In the case of TrendNet, hackers were successful in accessing the devices to take over live feeds as well as private surveillance cameras kept up by individuals in their homes.

Perhaps, something worse than lack of rules for manufacturers is government intervention to decide what is safe enough and what is not. The Security and Privacy in Your Car (SPY Car) Act, enables government to set standards, via a rating system, about how well a car ‘protects passengers’. Legislation such as the Spy Car Act is a step forward to letting artificial intelligence (AI), not a human, decide what is best.

Among many of the recommendations provided in the law are:

  • Requirement that all wireless access points in the car are protected against hacking attacks, evaluated using penetration testing;
  • Requirement that all collected information is appropriately secured and encrypted to prevent unwanted access; and;
  • Requirement that the manufacturer or third-party feature provider be able to detect, report and respond to real-time hacking events.

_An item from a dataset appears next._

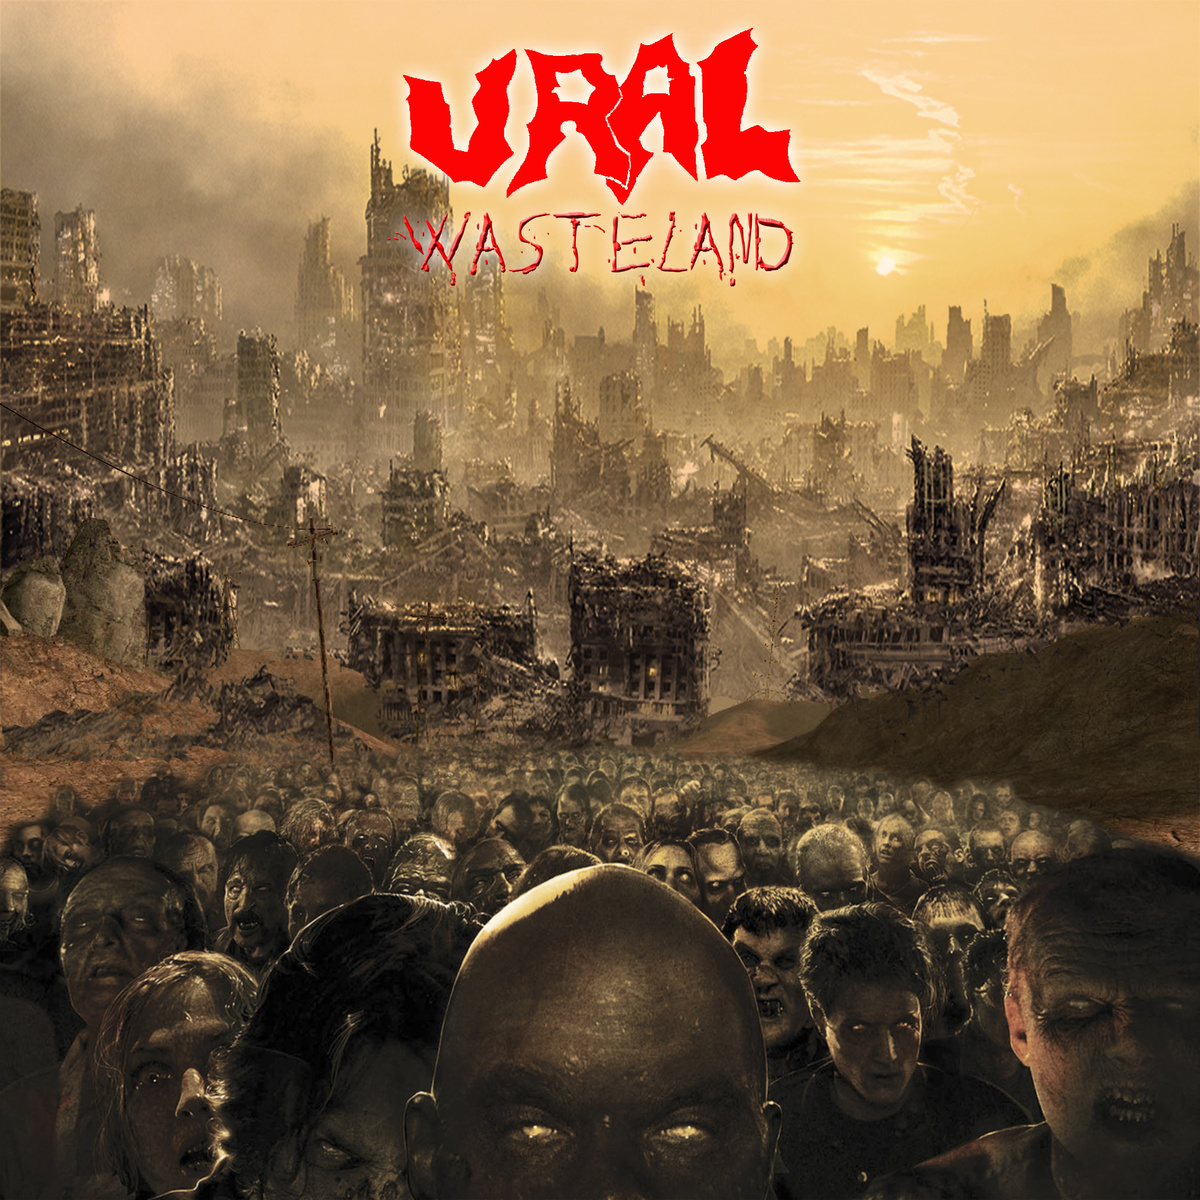 URAL – Wasteland EP

As of today, no device maker can claim that its products are completely safe from hacking or illegal surveillance, which makes ironic that government asks companies to provide just that.

So, what is the profile of the average user of current forms of IoT technologies?

When interviewed about the role of If This Then That (IFTTT), the popular tool that allows devices to connect to the internet to carry out a simple task, Linden Tibbets, the CEO and co-founder, explained that people who use it generally look for creative ways to control their devices and to have the ability to adapt their environment to their needs.

“Right now, it’s typically someone who’s looking to get something more out of the services they currently have. Folks that have some deep experience with one or two or three individual services, these could be services like Gmail or Google Calendar, Facebook, or perhaps someone who is big into sports and ESPN, or wearables…,” said Tibbets.

When asked about what is the future of IFTTT and other tools as they become part of the IoT, Tibbets explained that the move is towards the so-called SmartHome. “The home is incredibly popular and we’re going to see a ton of connected home channels. We now have over 70 connected-home channels, but we are going to see that number explode… The home is just a small piece of the general excitement around the Internet of Things,” he confesses.

A home that is connected to the internet via sensors or appliances on a 24/7 basis is the perfect instance for both malicious hackers and government agencies with unlimited power to keep an eye on everyone who decides to adopt the IoT as the future of life and society. Tibbets explained that his company’s goal is “enabling seamless experiences for consumers”.

Make no mistake, being connected to the internet all day to access anything you want when you want it is beyond convenient; it is a dream for anyone who is hooked up to technology. However, those who seek to live the rest of their lives connected to the IoT, or whatever else manufacturers come up with in the future needs to understand that there is no need to give up privacy or security in exchange for convenience, comfort or continuous connectivity.

Technology advancements do not have to be risky. It is upon consumers to demand that their privacy and security are protected.